Raw logger temperature time series data can be run through
classify_water_temp_data()
to classify each value as
reasonable, questionable, or erroneous. Only a single deployment can be
classified at a time. Users are responsible for ensuring that the data
are in the correct format before running this function.
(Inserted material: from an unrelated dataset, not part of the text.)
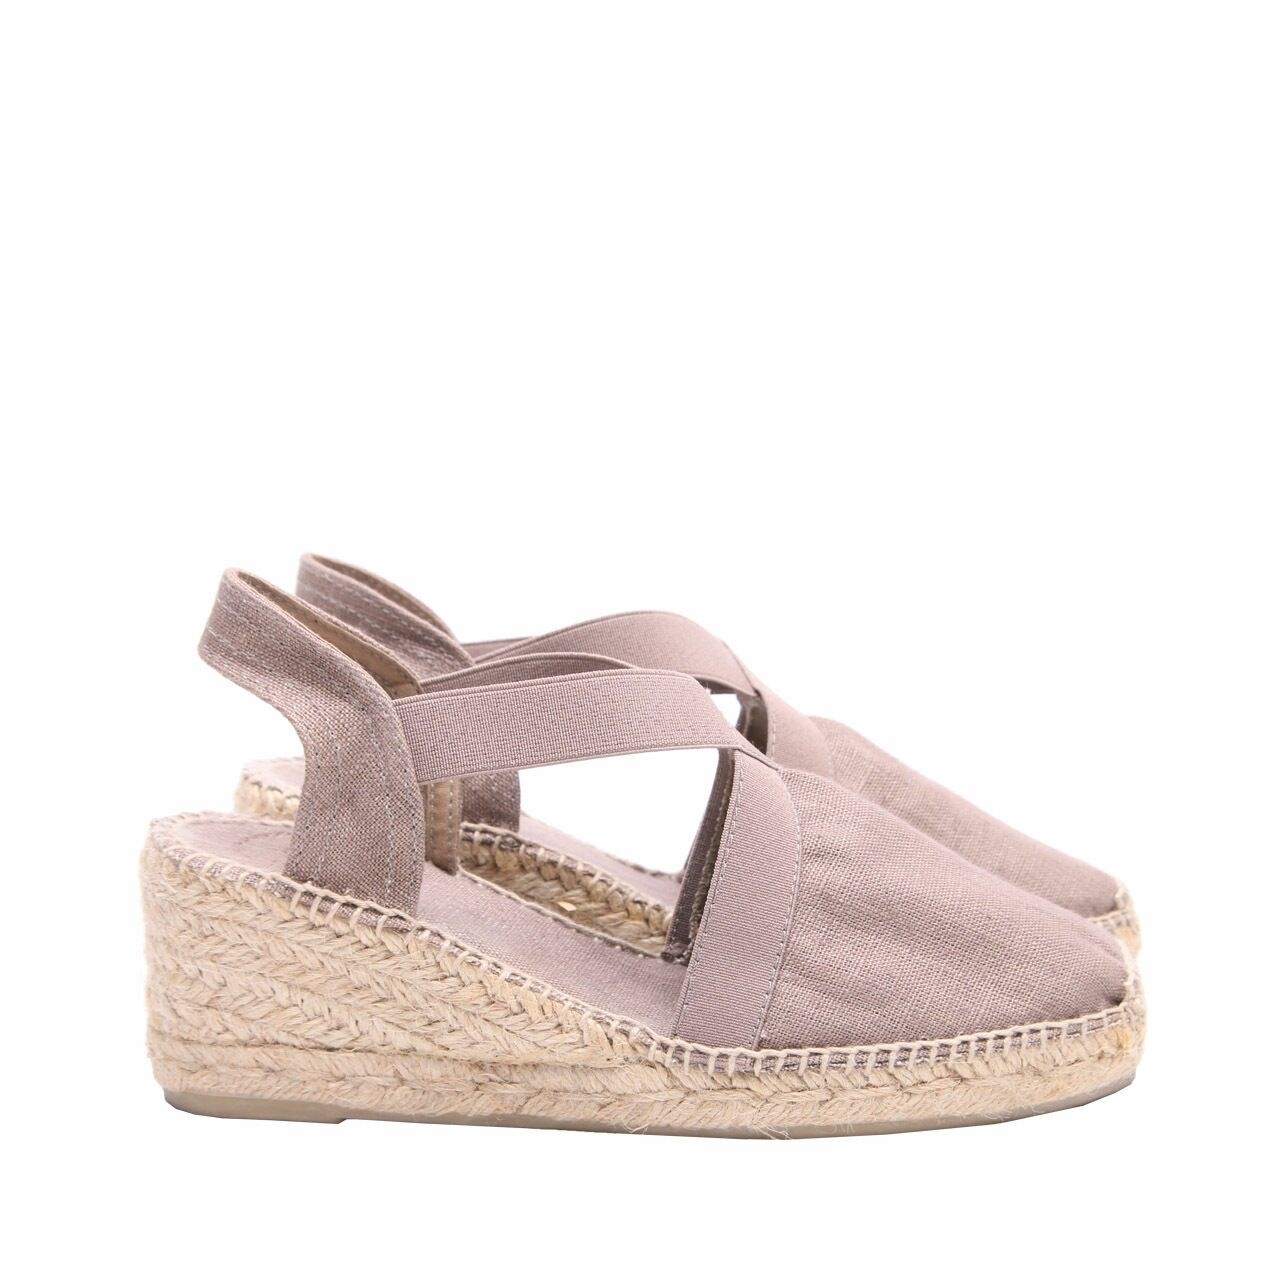 Toni Pons Taupe Wedges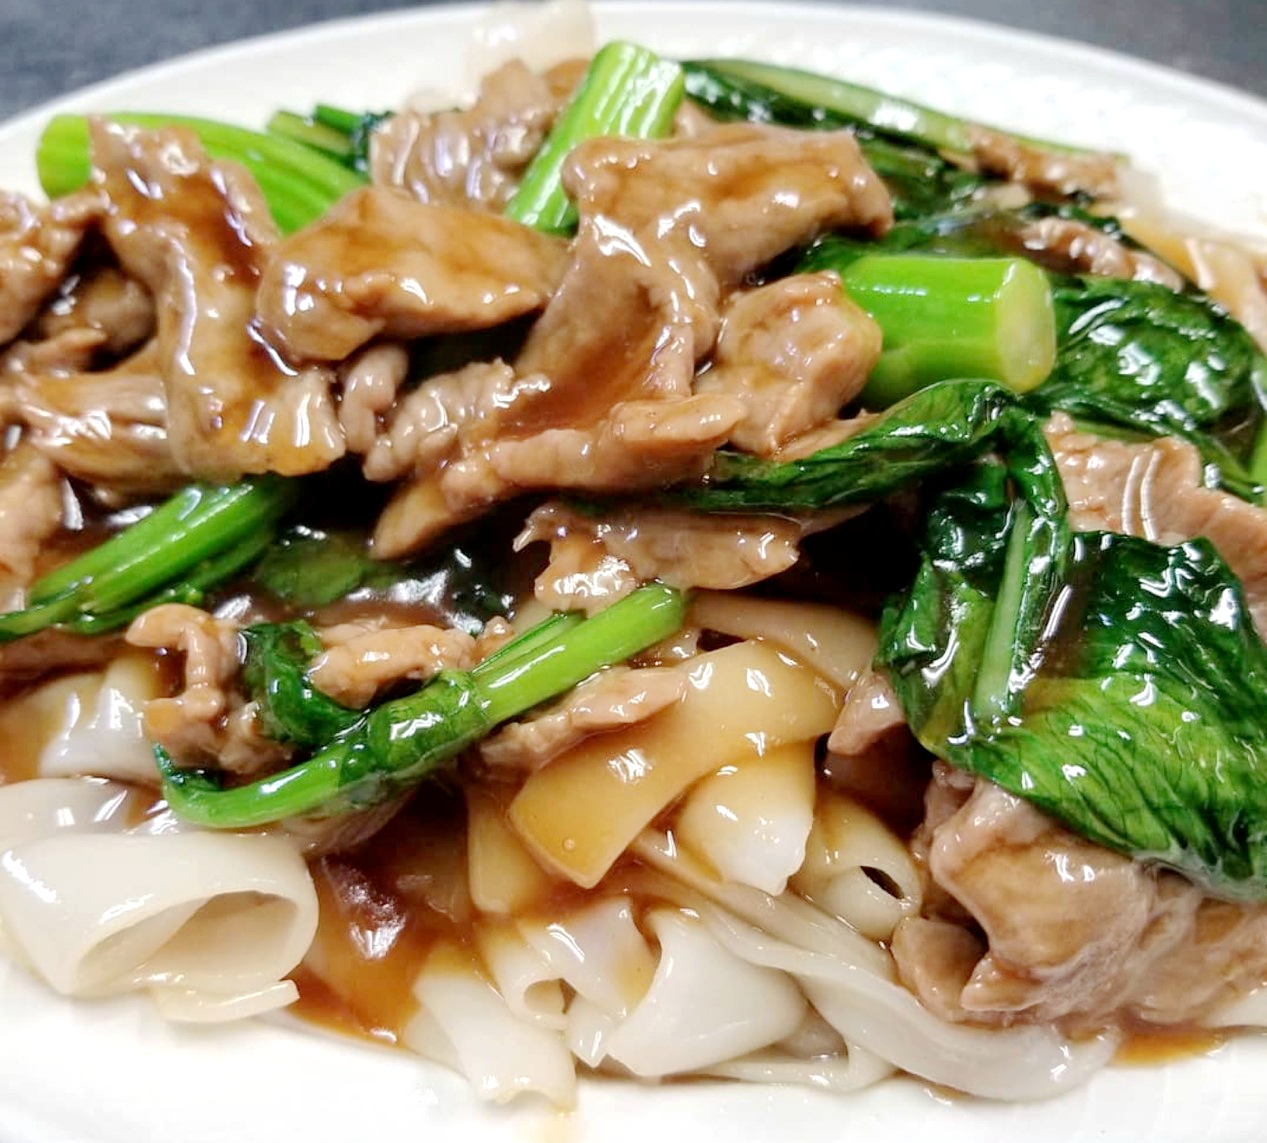 Hainan stir-fried rice noodles with sauce /Photo provided to CGTN

The values are classified following these rules:
- If the temperature is greater then or equal to or less then or equal
to the min and max parameters (
questionable_min
,questionable_max
,erroneous_min
,erroneous_max
). - If the rate of change (degrees per hour) between the adjacent lag
value is greater then or equal to the rate parameters
(
questionable_rate
,erroneous_rate
). - A value adjacent to a questionable/erroneous value are coded as questionable/erroneous.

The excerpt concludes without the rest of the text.